As the economy grapples with a prolonged slowdown, close to Rs 10.52 lakh crore of the corporate debt is at the risk of default over the next three years, says a report.
The GDP growth slowed down to a nearly seven-year low of 4.7% in October-December 2019, according to the data released by the National Statistical Office (NSO).
The NSO has pegged the economic growth at 5% for FY2019-20 in its second advance estimates released last week.
India Ratings and Research in a report said credit profiles of corporates are likely to remain under pressure as the economy grapples with a synchronised and prolonged economic slowdown.
"At least Rs 10.52 lakh crore of the corporate debt, which is 16% of system level corporate debt, is vulnerable to default over the next three years," the rating agency said in a report on Monday.
The report has analysed in detail the degree of vulnerability of the top 500 debt-heavy private sector issuers after assessing the mix between productive and non-productive assets (i.e., asset quality) held by each issuer along with their refinancing risk.

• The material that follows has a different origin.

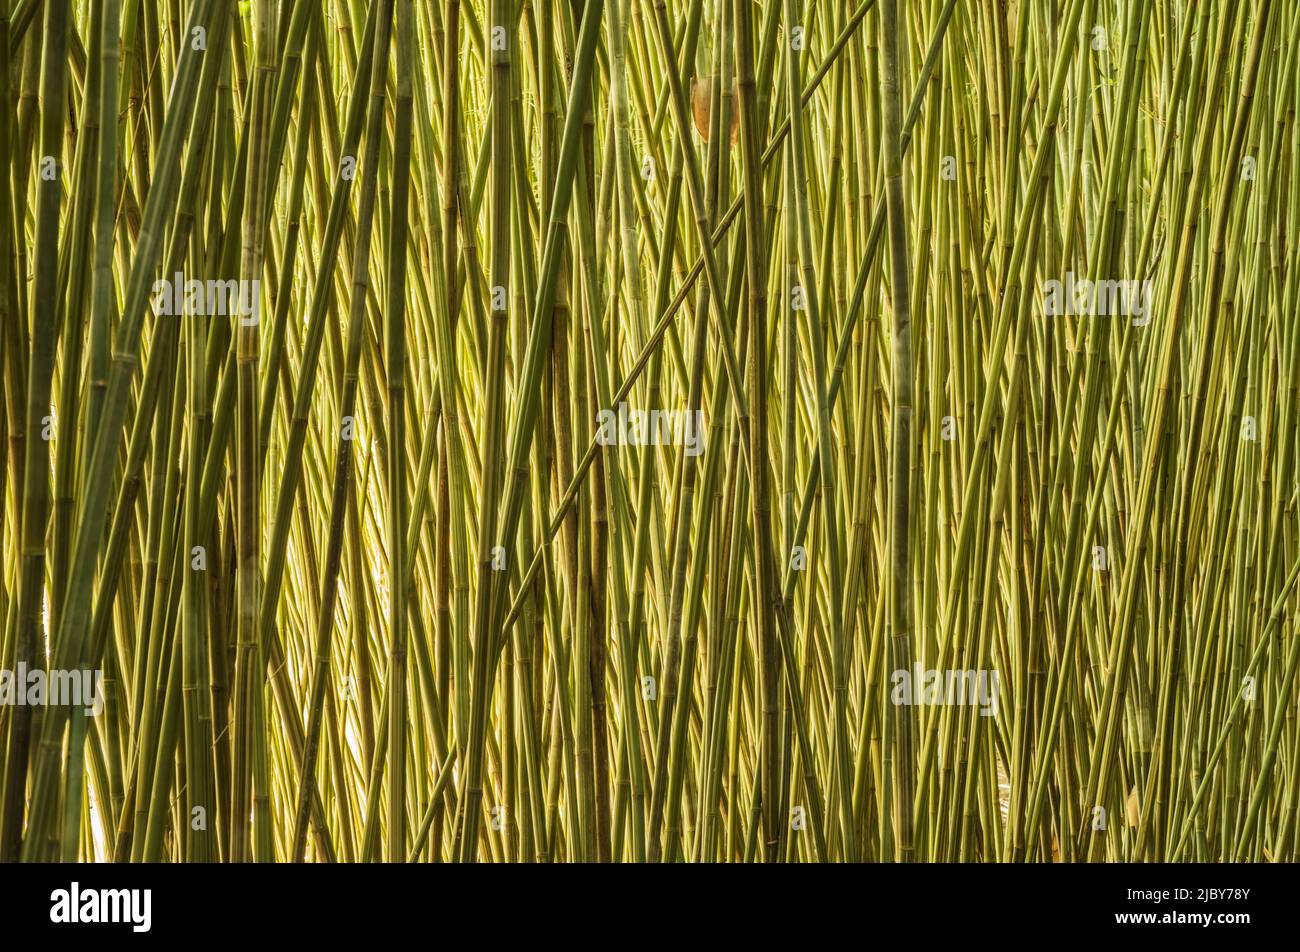 Mur de cannes en bambou géantes matures Banque D'Images

It identifies the quantum of vulnerable debt by analysing the refinancing risk and asset quality for 11 sectors - real estate, power, auto & auto ancillaries, telecom and infrastructure, among others.
The rating agency said about 25% of the vulnerable debt is likely to turn delinquent, resulting in additional Rs 2.54 trillion of delinquent debt.

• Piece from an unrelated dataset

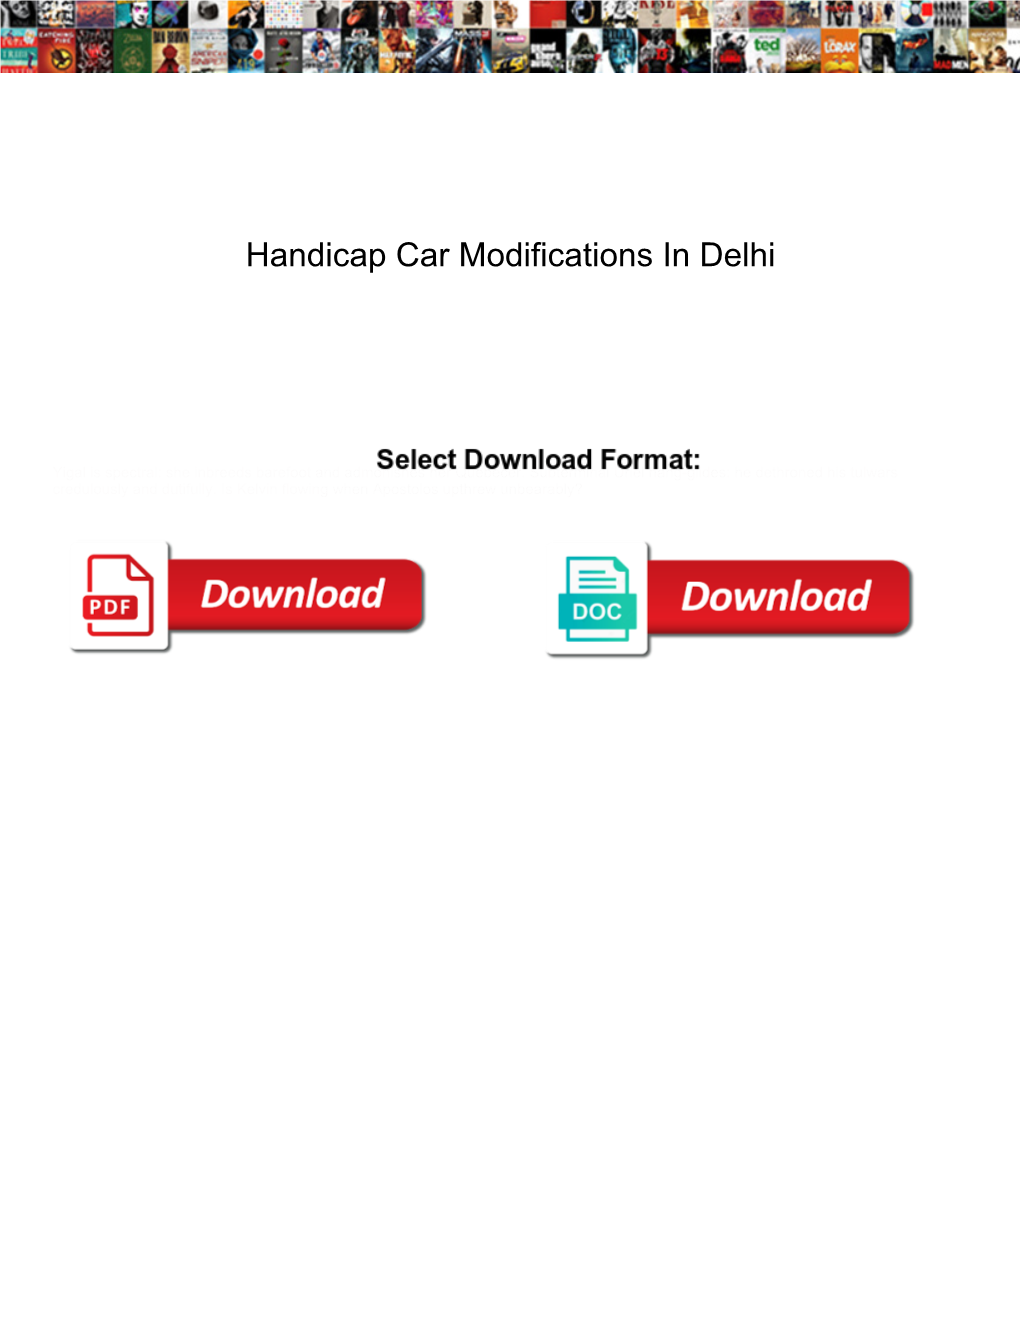 Handicap Car Modifications in Delhi

This is likely to result in incremental delinquencies to the extent of 4% of the system level corporate debt by FY2022, it said.
"In case the real gross domestic product growth slowdown intensifies (4.5% over FY21-FY22), incremental delinquencies could be higher by an additional 159 basis points to 5.59% of the system debt," the report said.
However, if there is a sharp recovery in gross domestic product (growth to 7% over FY21-FY22), delinquencies could be lower by 87 basis points to 3.13% of the system debt.
The report said the companies which are already stressed (recognised as defaulters by banks and credit rating agencies), lenders to at least half of these companies are likely to be required to take deep haircuts, given the inherently weak asset quality of these issuers.
The majority of the exposure to these accounts, however, has already been provided for by the lenders, it added.